For mechanical testing, the "samples" would be the manufactured devices themselves. The document does not specify the number of devices tested for each mechanical test. The provenance would be the laboratory where the tests were performed; this is not specified but would typically be an in-house lab or a contracted testing facility.
3. Number of experts used to establish the ground truth for the test set and the qualifications of those experts (e.g. radiologist with 10 years of experience)
This is not applicable.
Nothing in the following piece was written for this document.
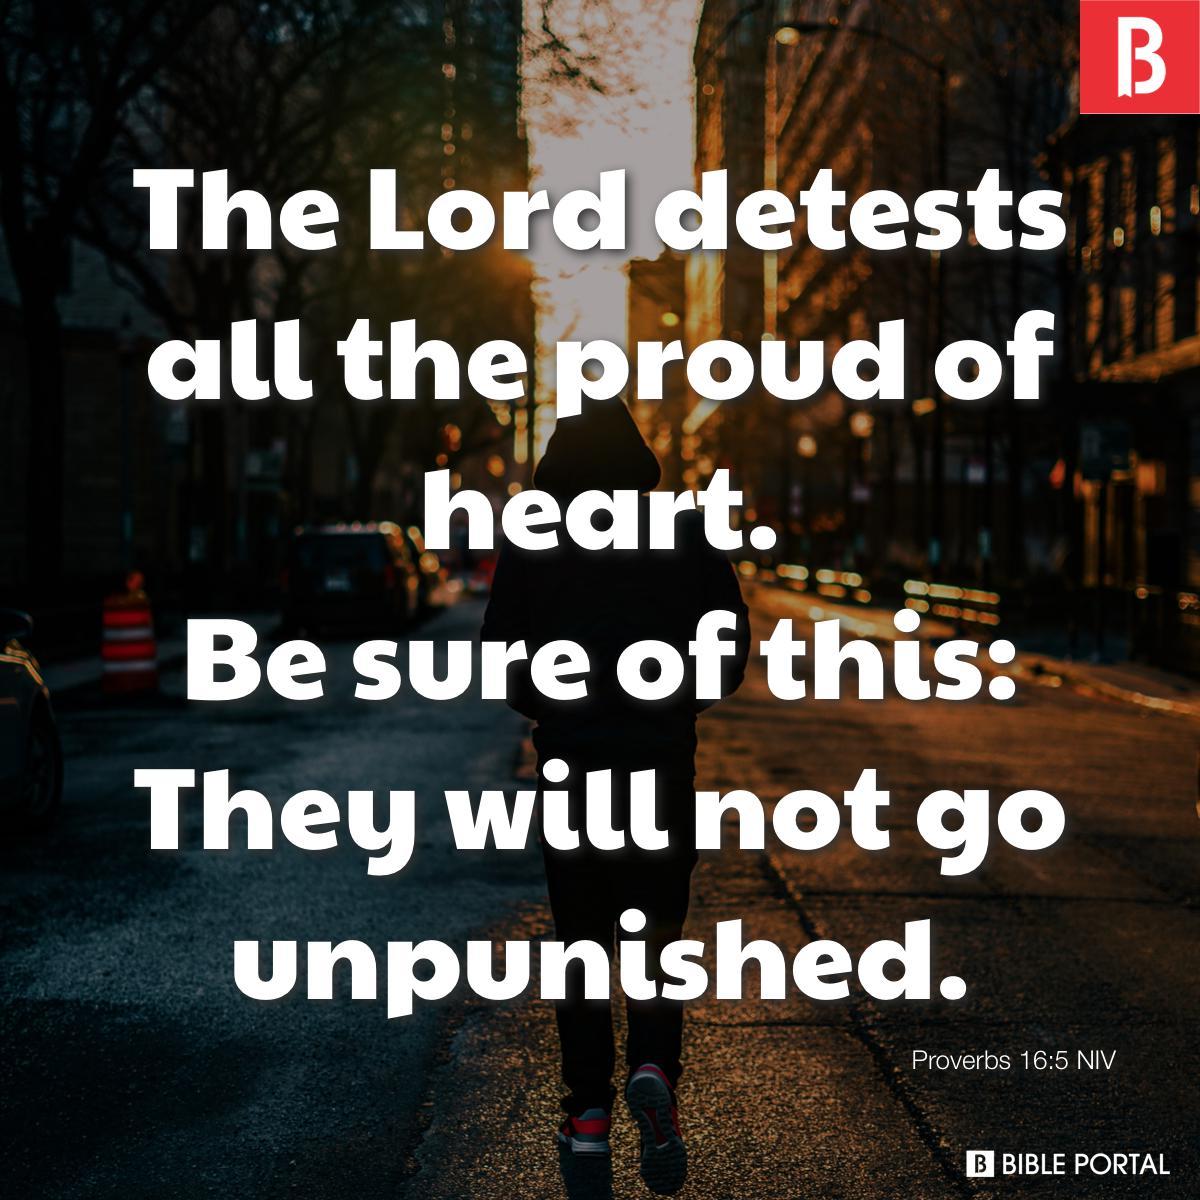 Proverbs 16:5 NIV
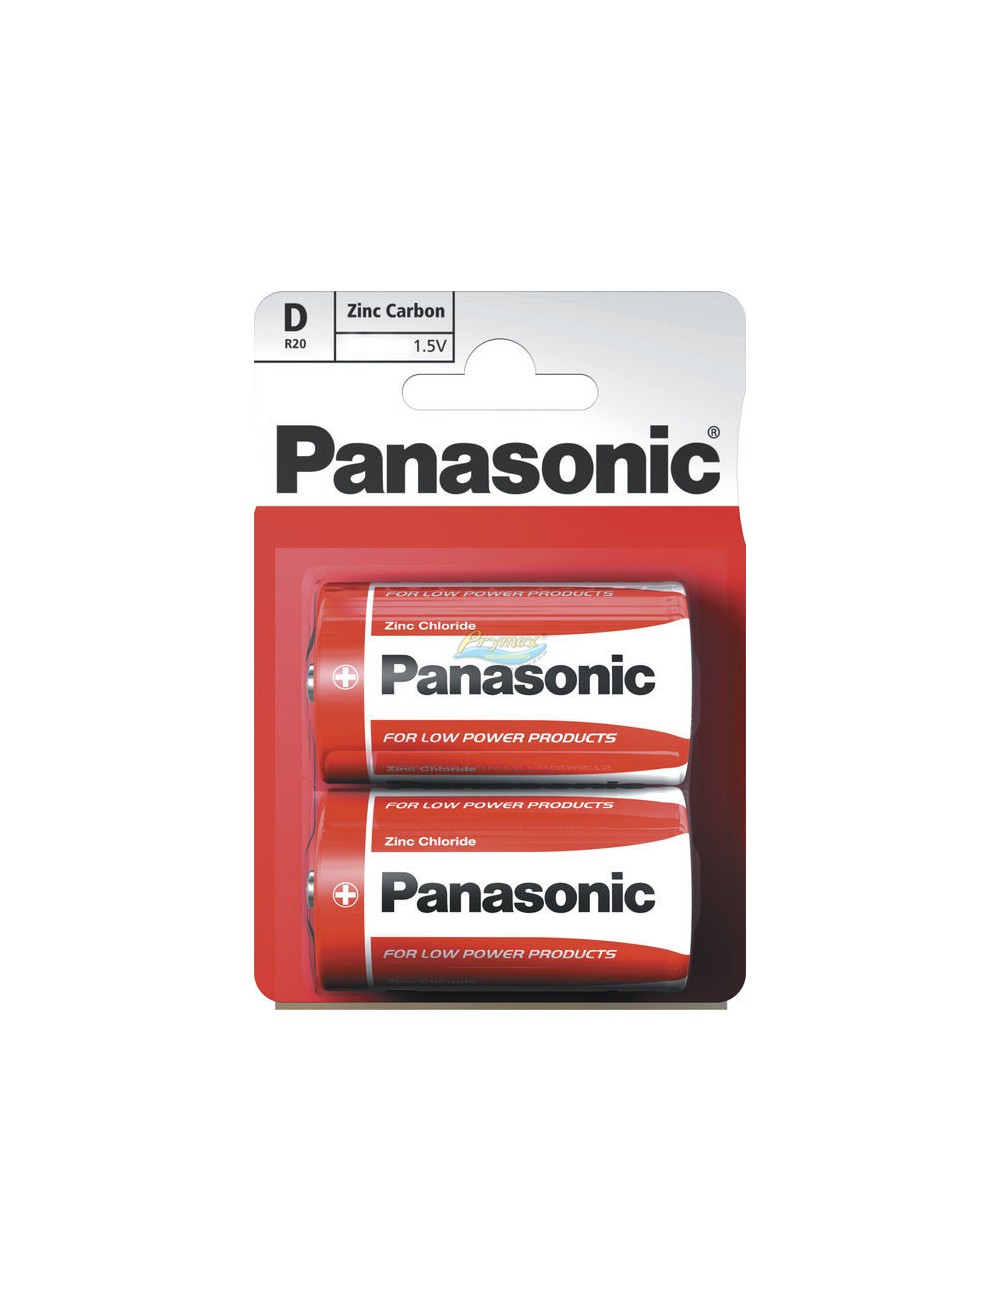 Panasonic Zinc Carbon D R20 Baterie Cynkowo-Węglowe 1,5 V 2 szt

The document does not describe a study involving expert readers or ground truth establishment for patient data. It describes mechanical performance testing of an implantable device.
4. Adjudication method (e.g. 2+1, 3+1, none) for the test set
This is not applicable. The document does not describe a study involving adjudication of clinical results.
5. If a multi-reader multi-case (MRMC) comparative effectiveness study was done, If so, what was the effect size of how much human readers improve with AI vs without AI assistance
This is not applicable. The document describes an intervertebral body fusion device and its mechanical testing, not an AI-assisted diagnostic tool or a study involving human readers.
6. If a standalone (i.e. algorithm only without human-in-the loop performance) was done
This is not applicable. The document describes an implantable medical device, not an algorithm.
7. The type of ground truth used (expert consensus, pathology, outcomes data, etc)
This is not applicable. The "ground truth" for mechanical testing is defined by the physical laws and engineering standards (ASTM F2077, ASTM F2267). The device's performance against these standards constitutes the "truth" being assessed for substantial equivalence.
8. The sample size for the training set
This is not applicable. The document does not describe an AI device with a training set.
9. How the ground truth for the training set was established
This is not applicable. The document does not describe an AI device with a training set or its ground truth establishment.
§ 888.3080 Intervertebral body fusion device.
(a)
Identification. An intervertebral body fusion device is an implanted single or multiple component spinal device made from a variety of materials, including titanium and polymers. The device is inserted into the intervertebral body space of the cervical or lumbosacral spine, and is intended for intervertebral body fusion.(b)
Classification. (1) Class II (special controls) for intervertebral body fusion devices that contain bone grafting material. The special control is the FDA guidance document entitled “Class II Special Controls Guidance Document: Intervertebral Body Fusion Device.” See § 888.1(e) for the availability of this guidance document.(2) Class III (premarket approval) for intervertebral body fusion devices that include any therapeutic biologic (e.g., bone morphogenic protein). Intervertebral body fusion devices that contain any therapeutic biologic require premarket approval.
(c)
Date premarket approval application (PMA) or notice of product development protocol (PDP) is required. Devices described in paragraph (b)(2) of this section shall have an approved PMA or a declared completed PDP in effect before being placed in commercial distribution.